4. Registration. In the registration example, suppose we wanted to change the event handlers without stopping the C program. Is there any way to force C to reload the registered function’s module at run-time? (Hint: how does C know the name of the enclosing module? And how would reloading the module update the object?) Does this sound similar to the “from” gotcha for “reload” in Python?
5. Error handling. Add code to the “objects1err.c” example to print a Python stack traceback (PyErr_Print) and fetch exception information using the “pyerrors.c” support file whenever API errors occur. Now, change your PYTHONPATH so it doesn’t include the Python module which holds the “klass” class, and rebuild/rerun your executable to trigger an API error. What happens?

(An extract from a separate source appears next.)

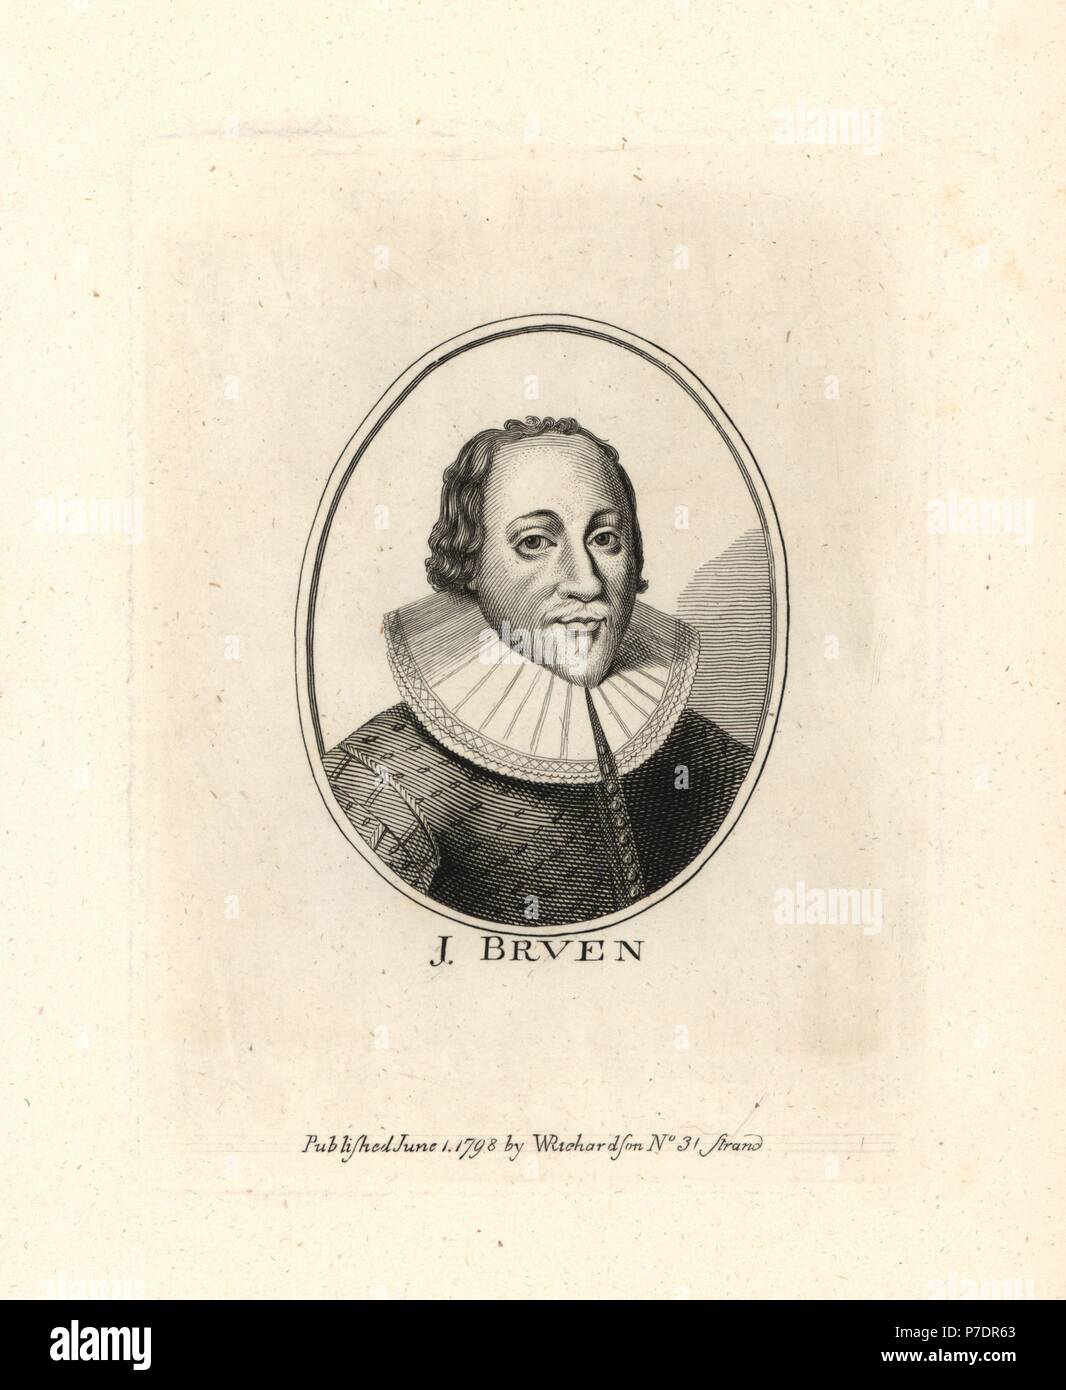 John Bruen of Stapleford, educated at Alban Hall, Puritan gentleman-commoner, died 1625. Copperplate engraving from William Richardson's Portraits Illustrating Granger's Biographical History of England, London, 1792–1812. James Granger (1723–1776) was an English clergyman, biographer, and print collector. Stock Photo

1. Function decorators. Write a function decorator that, for any decorated function or method, computes and prints the elapsed time for each call, and keeps a total of the elapsed time consumed by all calls. Test your decorator on both a simple function and a class method function. Note that to support class methods, you will probably need to use wrapper coded as a nested “def” instead a class with a “__call__”, because the latter will be passed the wrapper class instance in “self”, not the instance of the subject class (there would be no way to dispatch the call to the instance and its method). Also see Unit 9, “Built-in Tools Overview,” as well as the sequence timer example we wrote there, for pointers in using the “time” module to compute elapsed time. With nested “def” codings, you might use nonlocals or user-assigned function attributes to store state information (total elapsed time).

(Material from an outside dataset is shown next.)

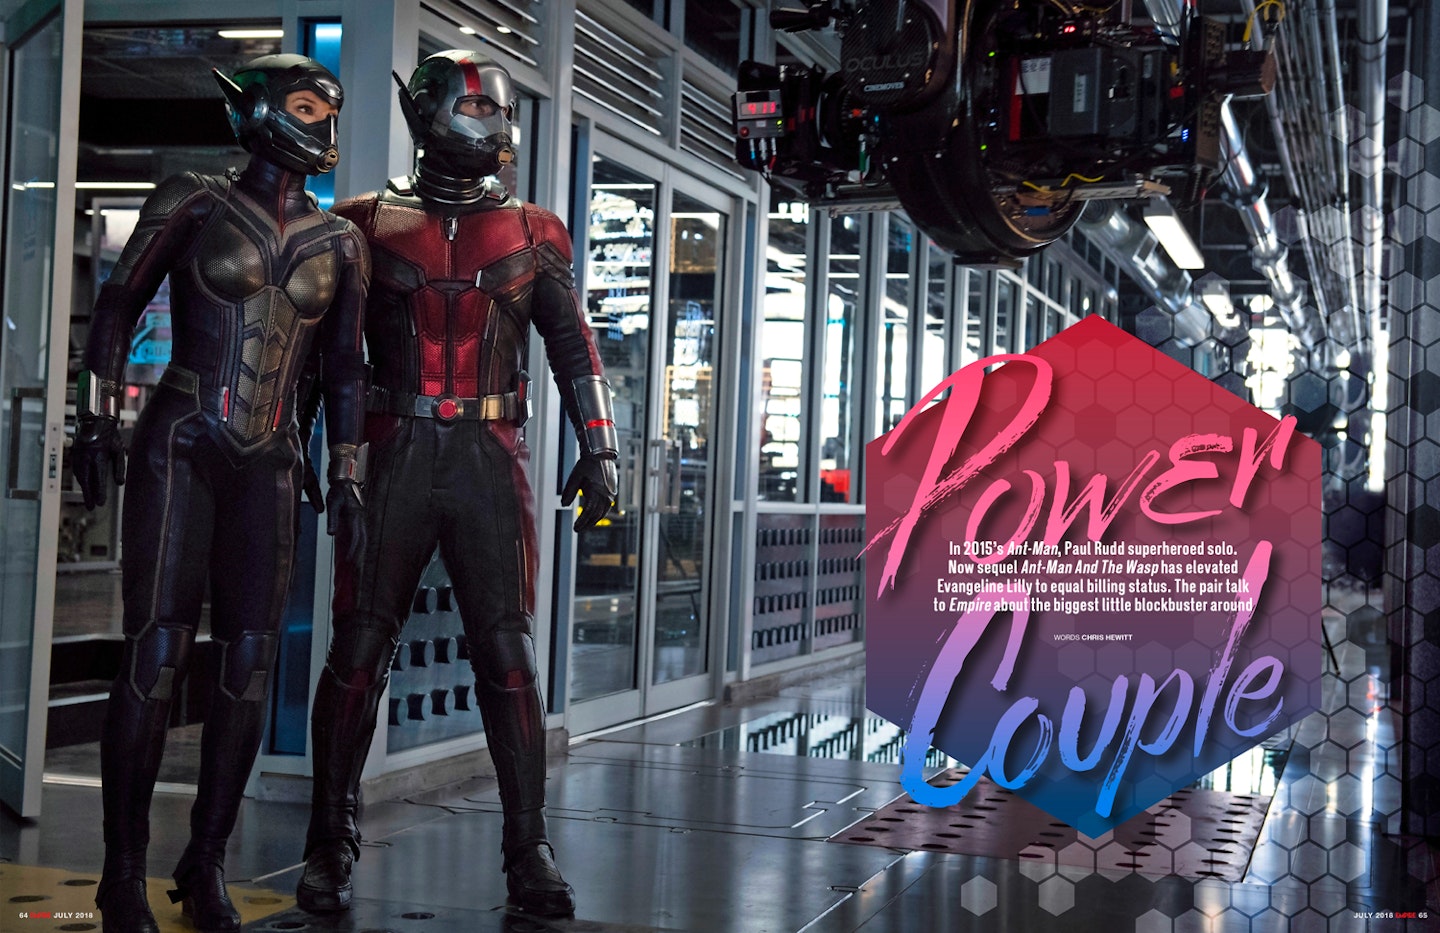 Empire July 2018 - Ant-Man and the Wasp

2. Metaclasses and class decorators. Write a metaclass or class constructor (or both, if you have time), which applies the timing function decorator you wrote in the prior exercise to every method in a subject class when the class is created. Use the “types” module’s “types.FunctionType” to test values of all attributes in the class’s attribute dictionary (a.k.a. __dict__) to detect methods to which you will apply the decorators. To apply the decorator, simply run the name rebinding logic manually. Test you decorated class by making instances and calling methods.